During the Southern and Northern Dynasties, Zu Chongzhi further studied the problem of pi on the basis of Liu Hui, and accurately calculated it to between 3.1415926 and 3.1415927, reaching the limit value that mathematical knowledge could study at that time.
After obtaining a more accurate pi, Zu Chongzhi began to study the calculation of the volume of the ball, but Zu Chongzhi did not solve it, and eventually wrote his life's research into the book "Embellishment".
After Zu Chongzhi's death, Zu Huan continued to engage in mathematical and astronomical research while tinkering and editing the "Embellishment Technique". In the process, Zu Hui made two world-class discoveries.
First of all, in the process of studying the volume of the sphere, he pioneered that "if the marginal power potential is the same, the product cannot be different", that is, the two geometries sandwiched between two parallel planes are intercepted by planes parallel to these two parallel planes, and if the area of the two sections is always equal, then the volumes of the two geometries are equal, which is the famous ancestral axiom.
Secondly, Zu Chongzhi and Zu Hui found that the formula for calculating the volume of the ball in the "Nine Chapters of Arithmetic" was wrong, and Liu Hui's theory of "Mou He Fang Gai" was also incorrect, and finally Zu Hui proposed the "Opening Circle Technique" according to the "Axiom of Zu Hui" found by himself, cleverly obtaining the correct formula for the volume of the ball, and solving the problem of the volume of the ball that Liu Hui had not yet solved. Later, Zu Hui added it to the "Suffixing Technique", but unfortunately the book has been lost.
Of course, although the "Art of Affixing" has been lost, the book has been mentioned in ancient Korean and Japanese texts, and it has also been mentioned in other ancient texts, and some of the contents of the book, including the axiom of zu huang and the opening of the circle, such as the mention of the opening of the circle when Li Chunfeng's annotation of the Nine Chapters of Arithmetic in the Tang Dynasty.
In 1635, the Italian mathematician Cavalieri proposed the principle of equal product in the article "Continuous Indivisible Geometry", but there was no rigorous proof process, and the actual conclusion was the Zu Wei principle. Although the Zuhui Principle predates Cavalieri by more than 1100 years, it is now called the "Cavalieri Principle" abroad, and only some books in China call it the "Zuhui Principle".

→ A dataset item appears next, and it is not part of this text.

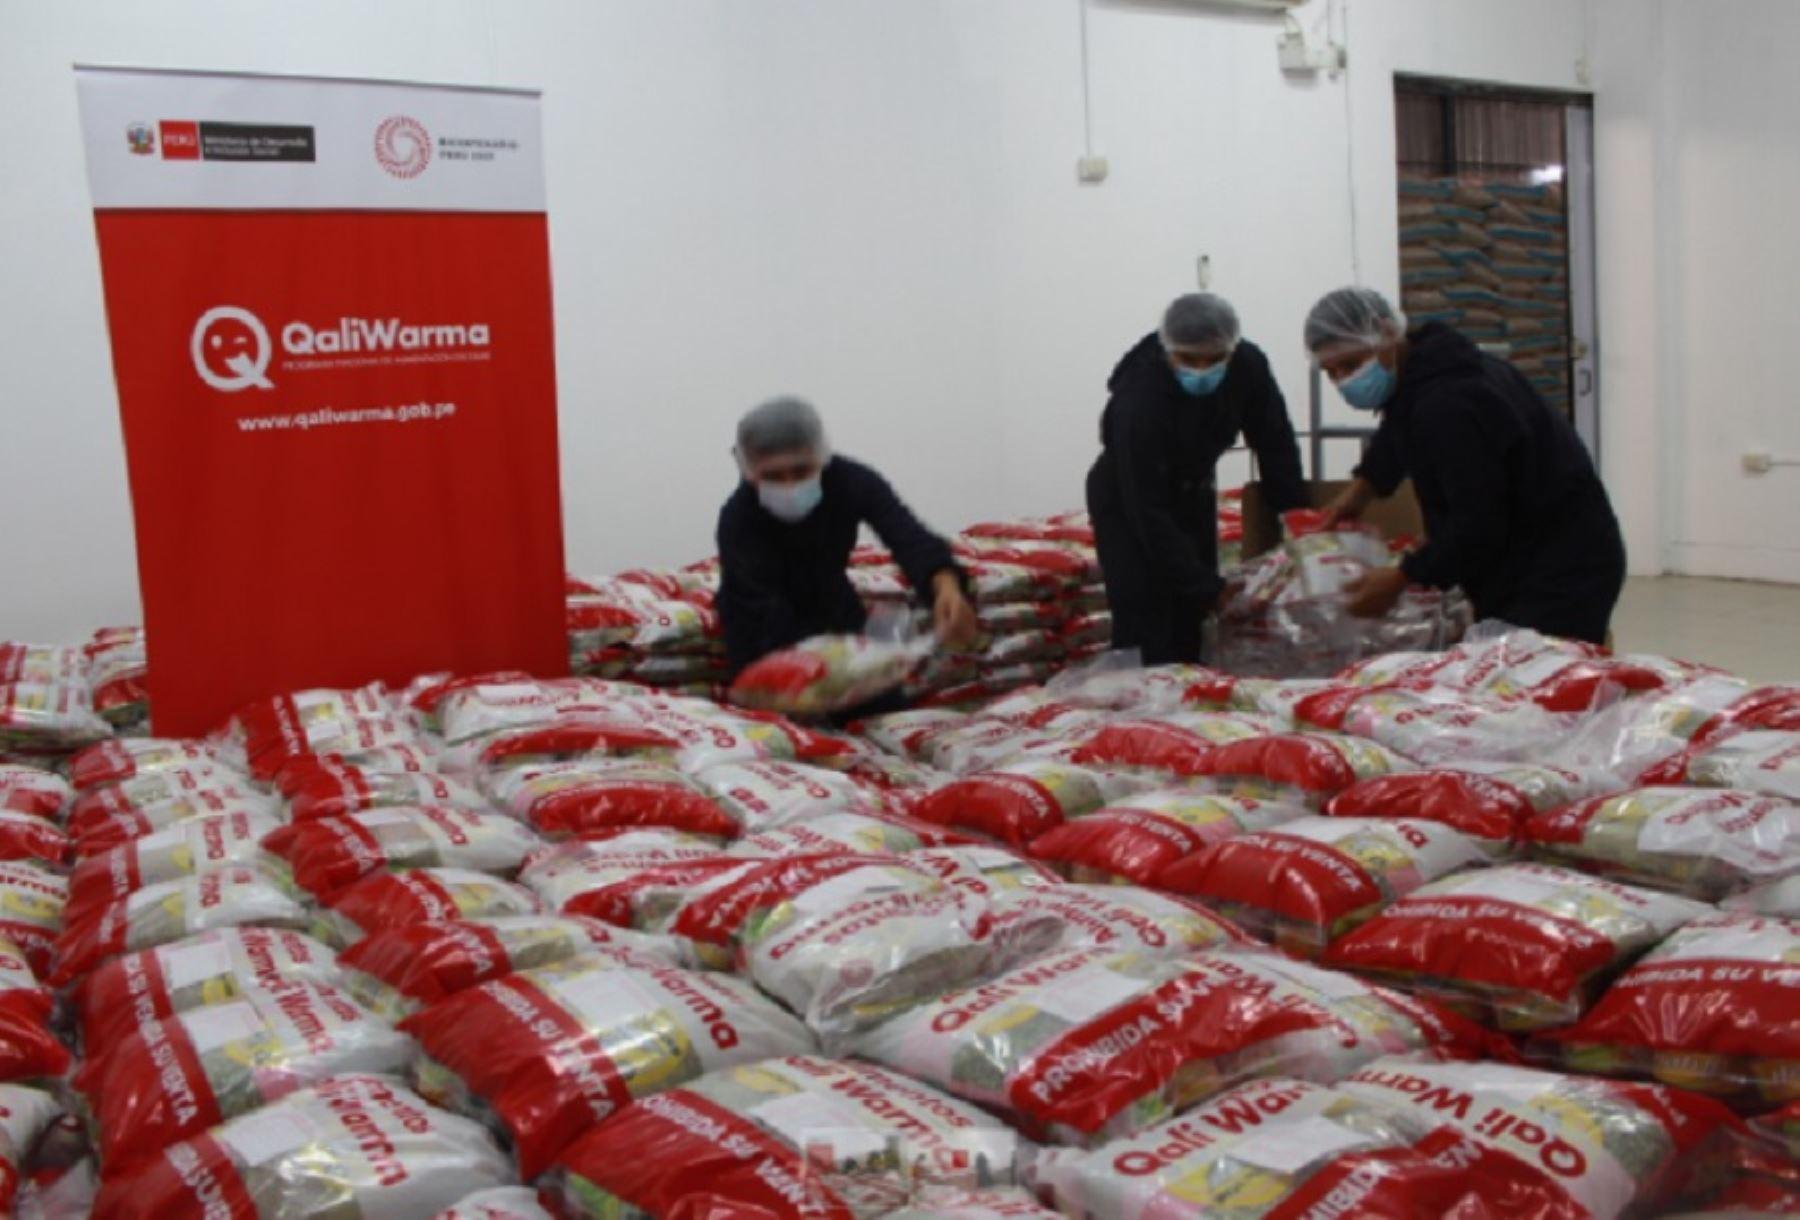 Qali Warma entrega cerca de 36 toneladas de alimentos al municipio de Chiclayo

In the late Ming Dynasty, many European missionaries came to China, they brought only some sporadic European knowledge, but translated and disseminated a large number of Chinese books to the West, so whether Cavalieri was independently researched or referred to the "ancestral principle" is really a topic worth pondering. Before the exchange between China and the West in the late Ming Dynasty, Europe did not have any surprising discoveries in the field of mathematics, but after that, amazing results appeared in an endless stream, and perhaps this phenomenon has explained everything.